Just as the prosecution planned to tie Olson directly to the SLA and its series of crimes, the defense intended to argue that Olson was never a member or privy to the closely held secrets of the core group.

Defense attorneys planned to call their own SLA member, Wendy Yoshimura, who would testify that she noted in a still-missing diary that Olson was in Northern California scouting for a mountain hideaway at the time of the bombing attempt. They would try to discredit Hearst as a convicted felon who has lied under oath. And they would tell jurors that Olson--then known as Kathleen Soliah--gave about $2,000 to the SLA but never took part in their crimes.

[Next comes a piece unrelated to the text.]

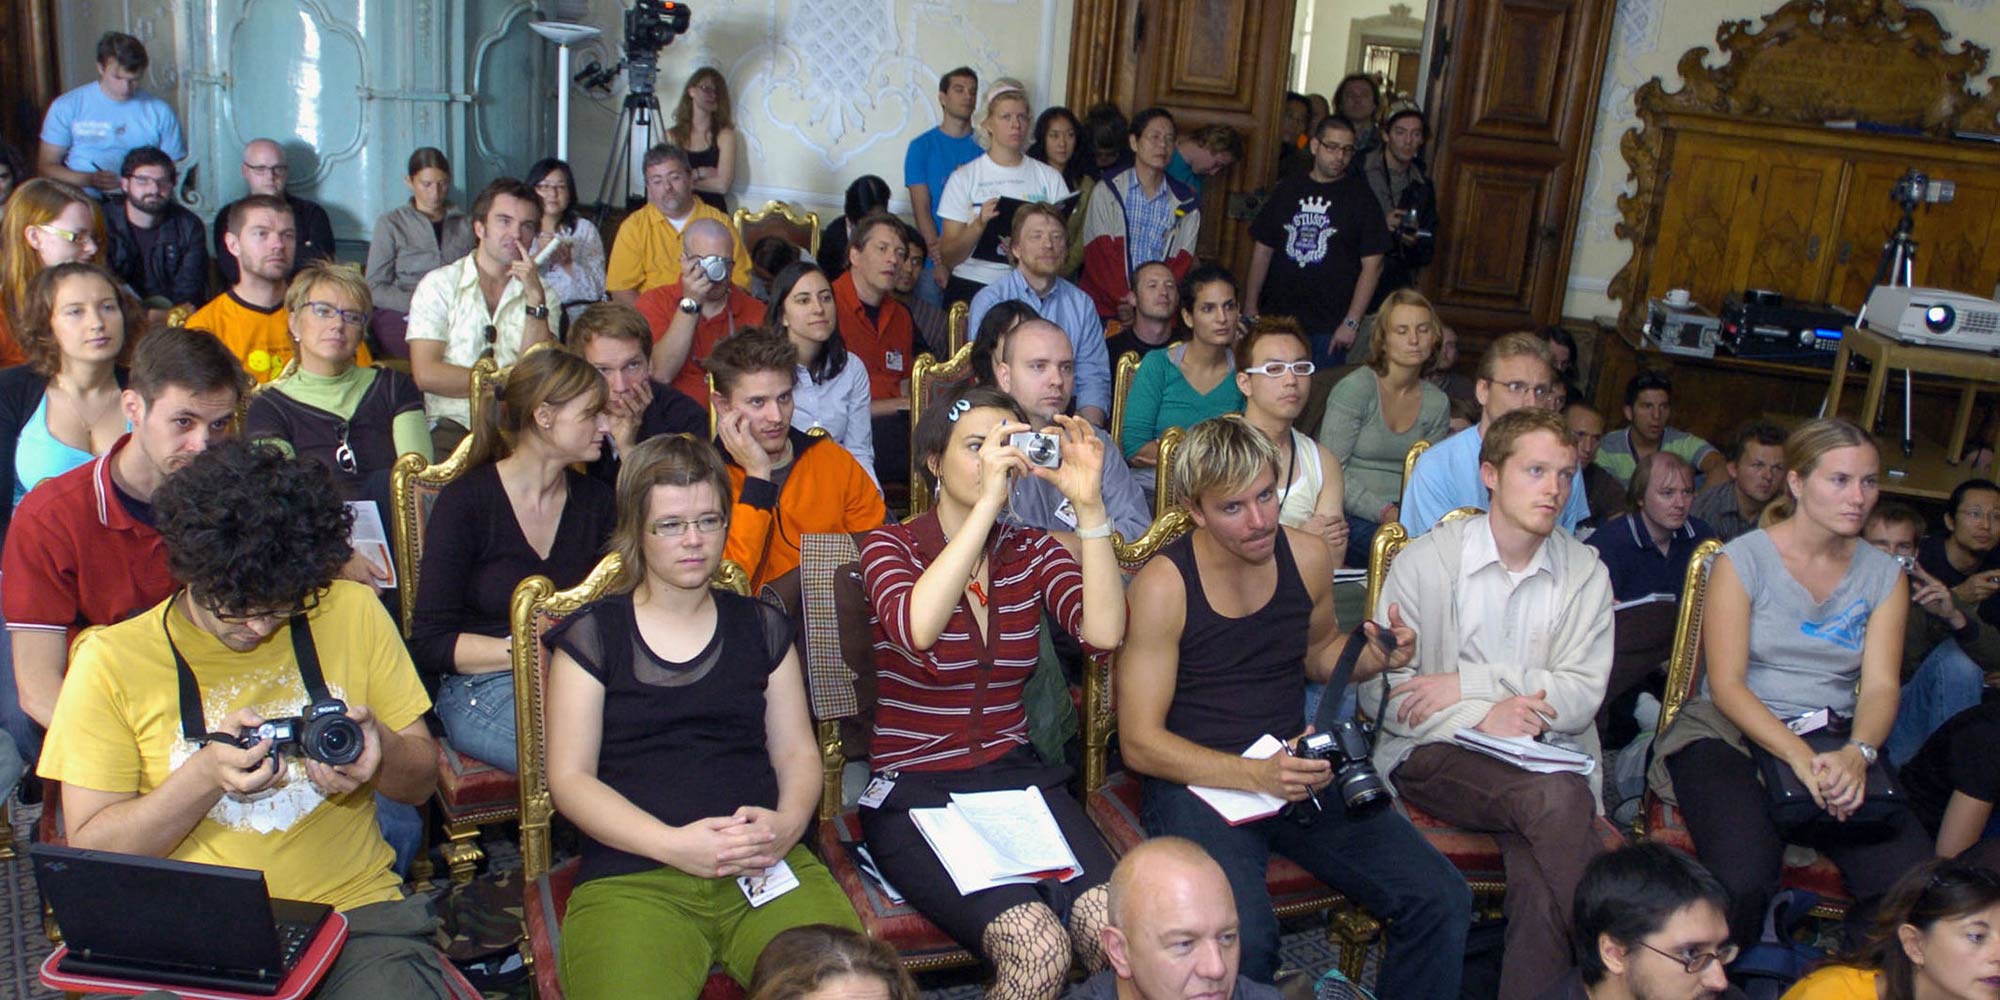 Pixelspaces 2006 – Exkursion in das barocke Stift St. Florian bei Linz mit Meditationen, Lecture-Performances, Installationen, Open-Hardware-Workshops, Führungen durch ein Orgelbauatelier und sogar einer Einführung in die Kunst des Origami.

The 54-year-old defendant was arrested in June 1999 in St. Paul, Minn., where she was living under an adopted name with her husband, an emergency room physician, and their three daughters. The Los Angeles County Grand Jury had indicted Olson 23 years earlier on charges of conspiring with SLA leaders Bill and Emily Harris to murder police officers by planting bombs beneath their cars.

Before the jurors even began hearing an estimated six to nine months of trial testimony, the judge would also revisit two critical sticking points--how much SLA criminal history could be presented and whether the group could be labeled as a terrorist group.

During the trial, prosecutors planned to present evidence that the SLA, with Olson’s help, waged an armed struggle to overthrow the government.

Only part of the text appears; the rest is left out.